GIVEN MATERIAL:
+ + + + +

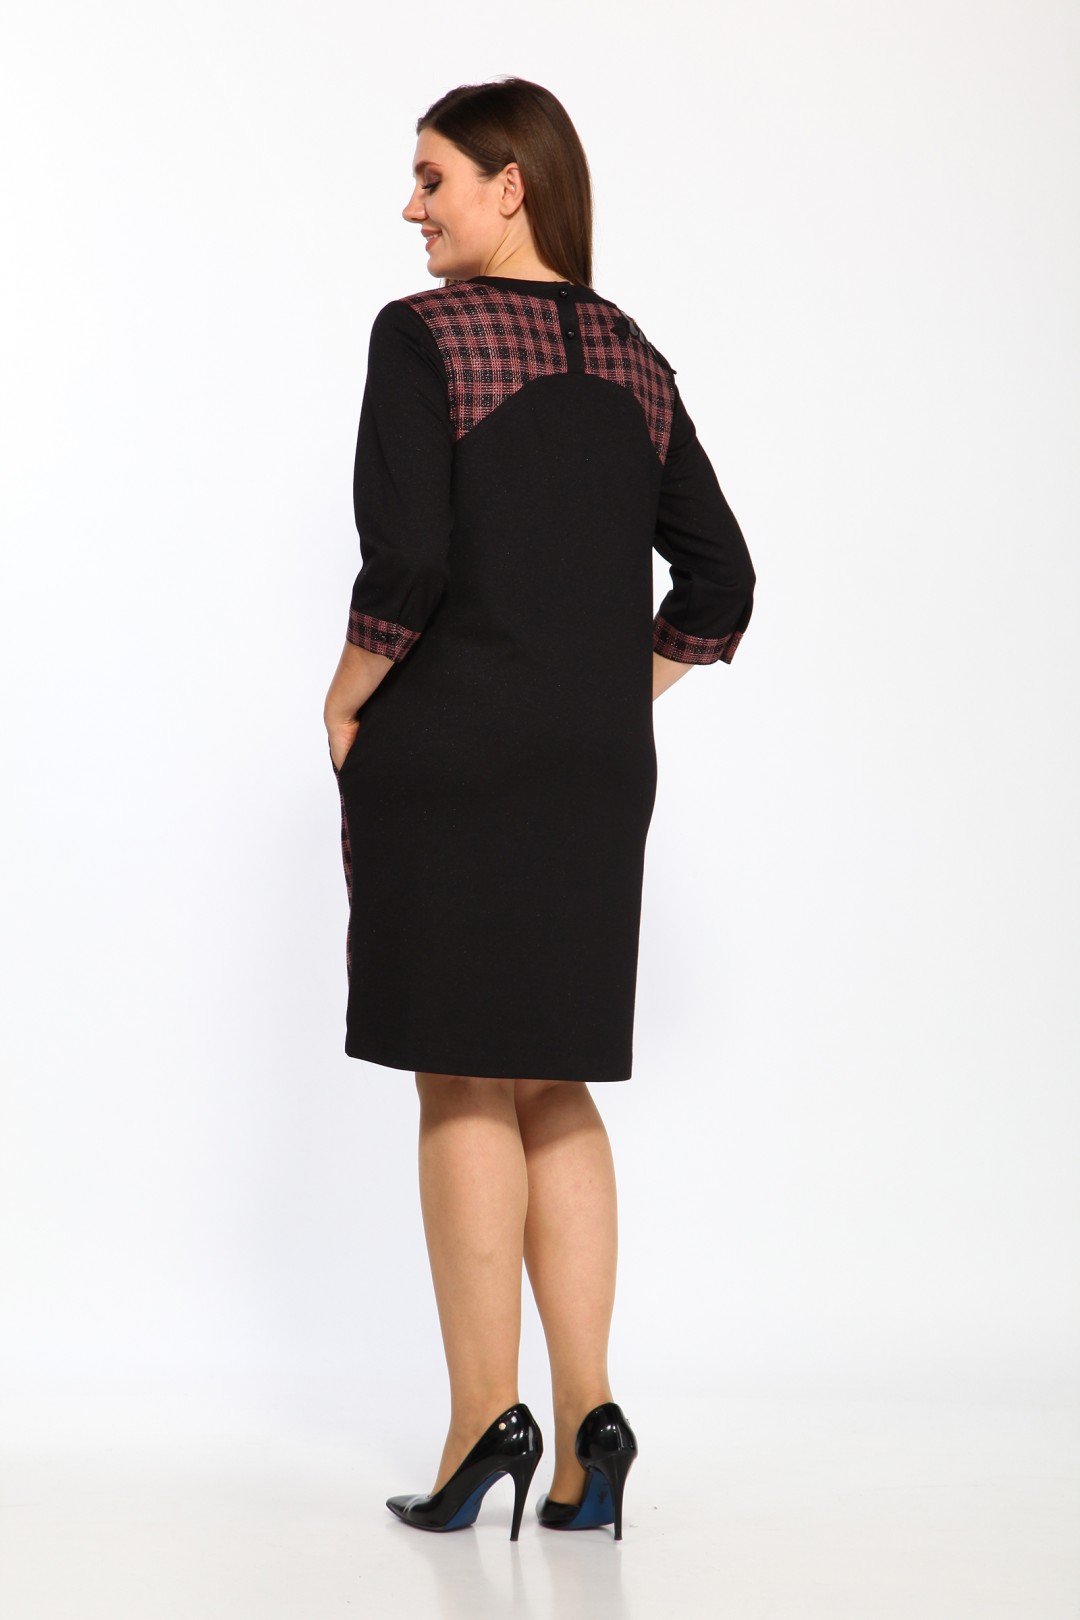 Платье LadyStyleClassic 1488/1 черный с малиновым
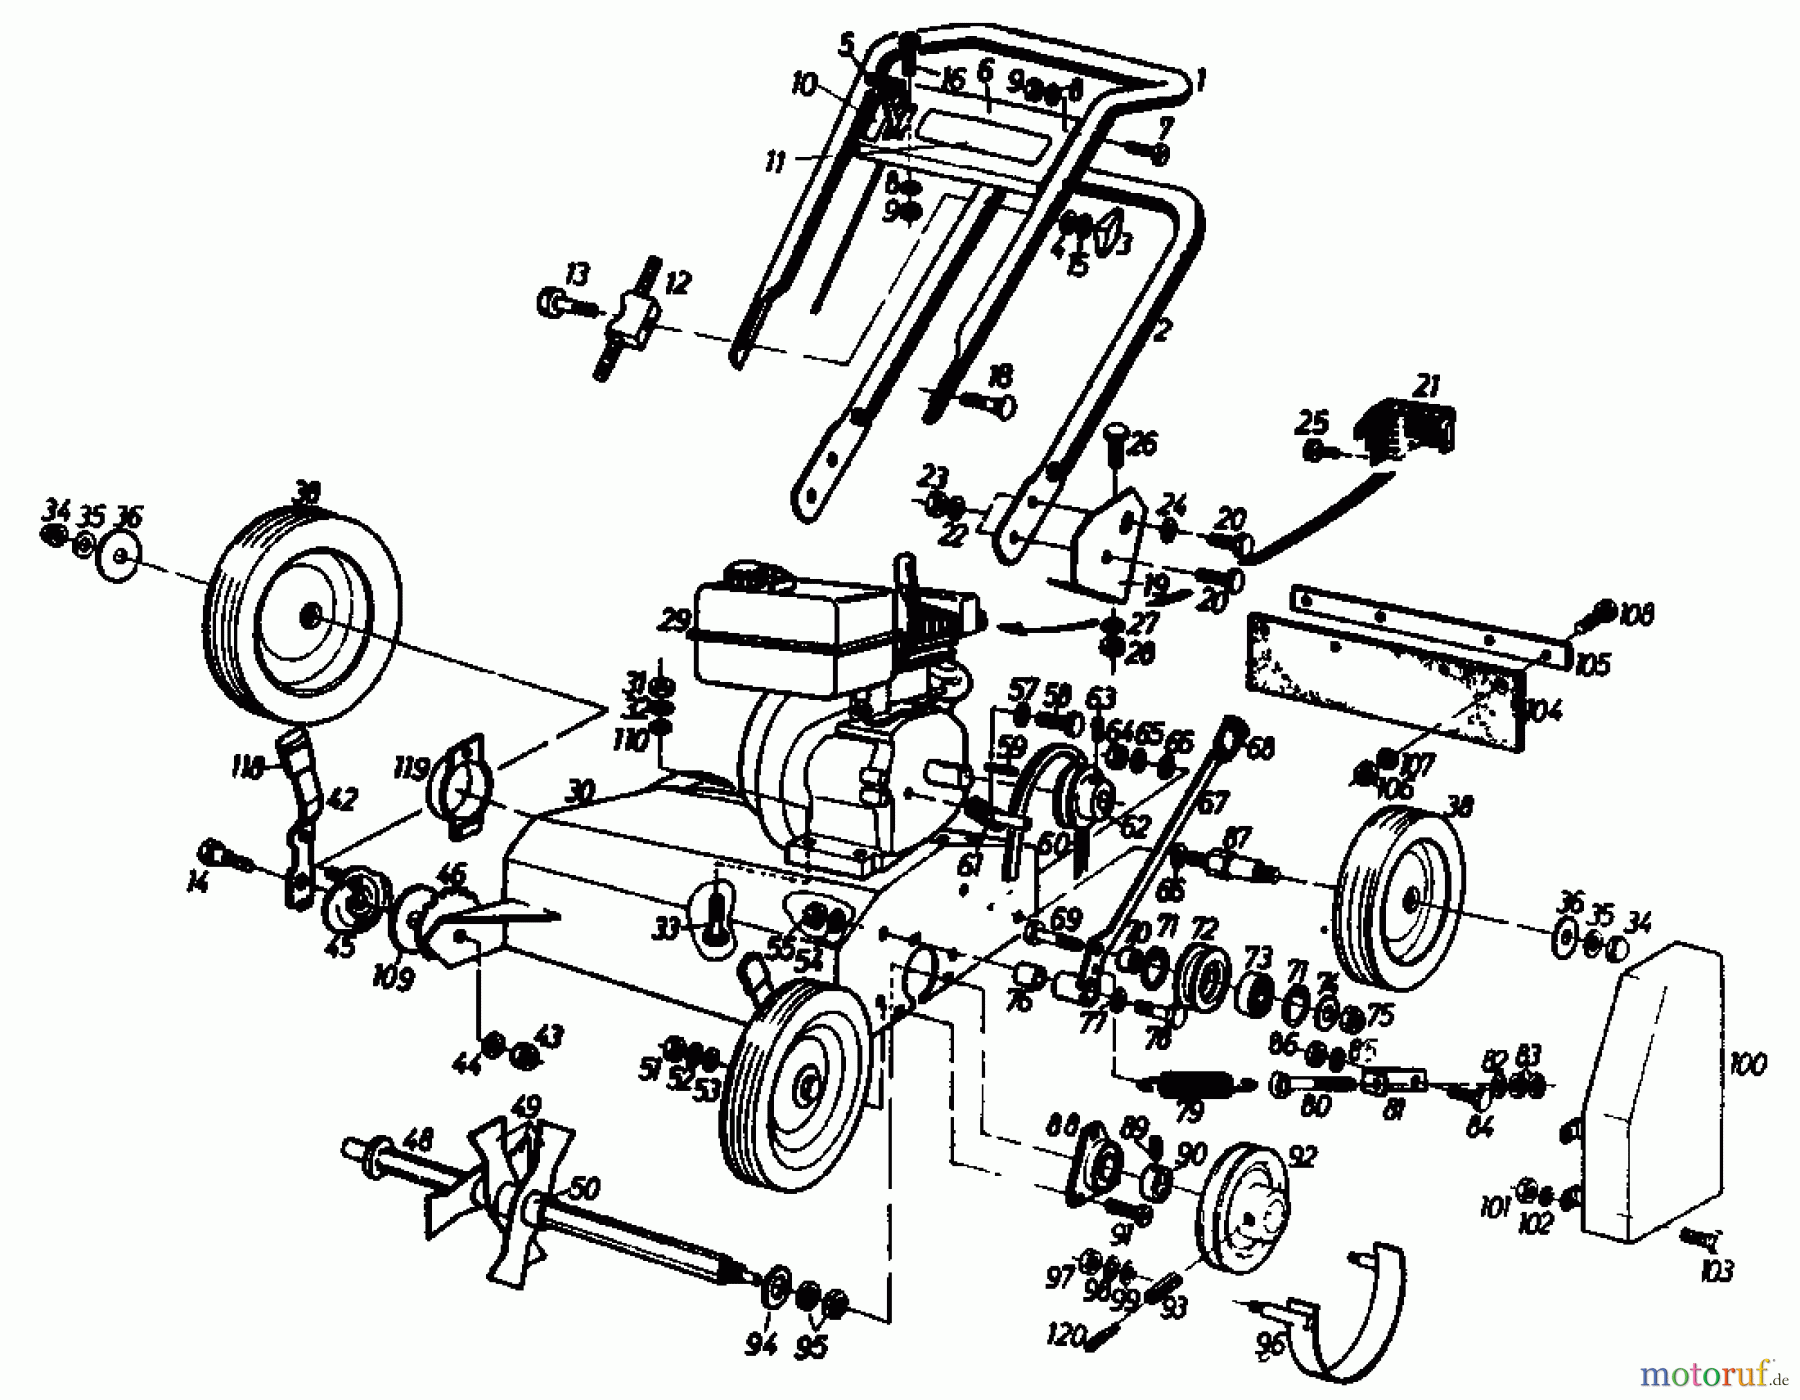  Gutbrod Petrol verticutter VS 50 A 00053.01  (1986) Basic machine
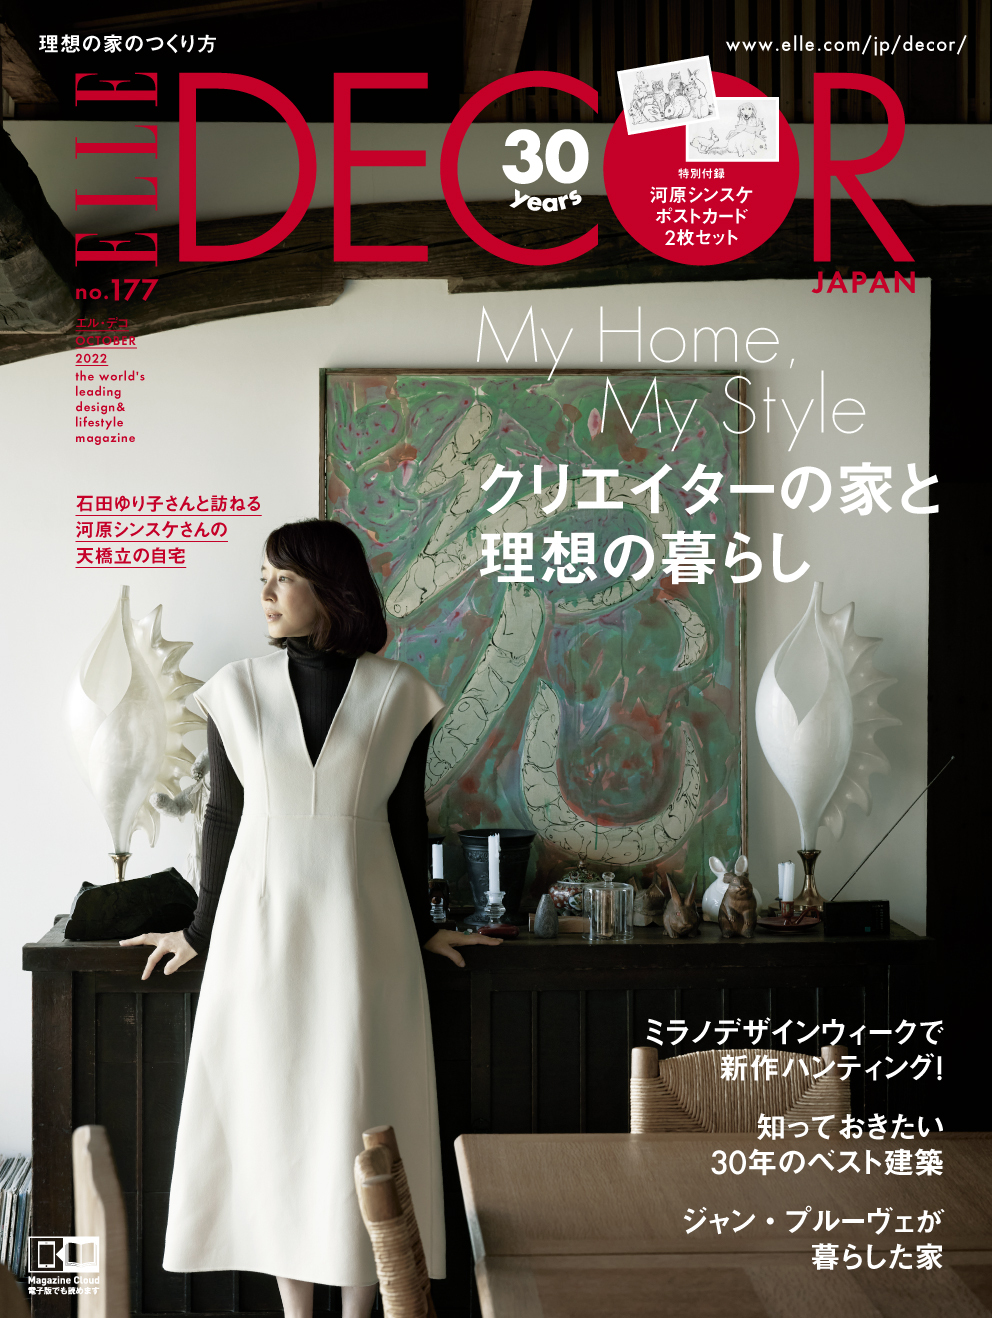 『エル・デコ』創刊30周年企画に石田ゆり子が登場の画像

+ + + + +

REQUIREMENT: Exclude the pictures, and transcribe all of the material exactly.

RESPONSE TO THE EXERCISE:
 Платье LadyStyleClassic 1488/1 черный с малиновым
  Gutbrod Petrol verticutter VS 50 A 00053.01  (1986) Basic machine
 『エル・デコ』創刊30周年企画に石田ゆり子が登場の画像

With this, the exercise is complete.